## Activity
Nothing below is to be printed except the lines between the line holding "Knitting Pattern Leg" and the line holding "Elizabethan Gardens, Kenilworth", inclusive, each exactly as it appears.

## Record excerpts
----

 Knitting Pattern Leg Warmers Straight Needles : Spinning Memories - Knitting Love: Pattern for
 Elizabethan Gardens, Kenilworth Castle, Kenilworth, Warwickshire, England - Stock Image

----

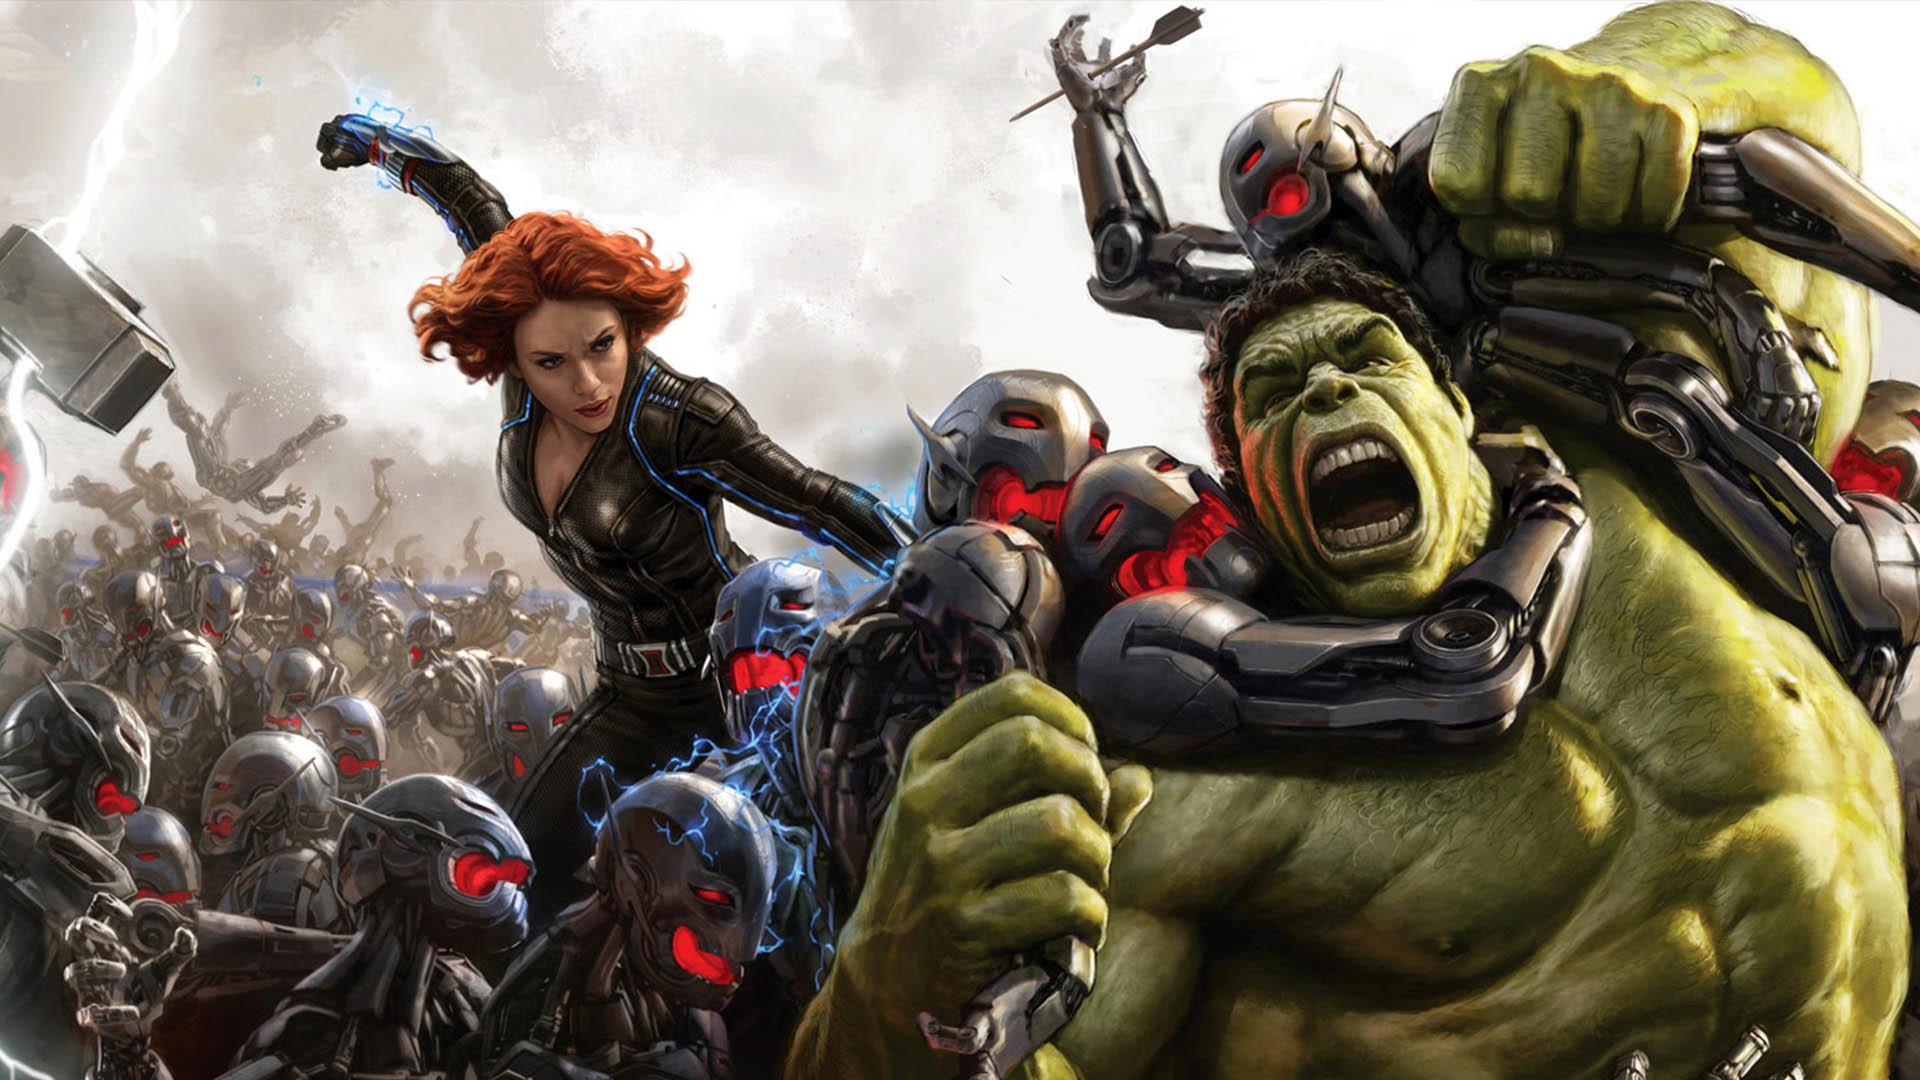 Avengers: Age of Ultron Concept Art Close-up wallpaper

----

## Reply
 Knitting Pattern Leg Warmers Straight Needles : Spinning Memories - Knitting Love: Pattern for
 Elizabethan Gardens, Kenilworth Castle, Kenilworth, Warwickshire, England - Stock Image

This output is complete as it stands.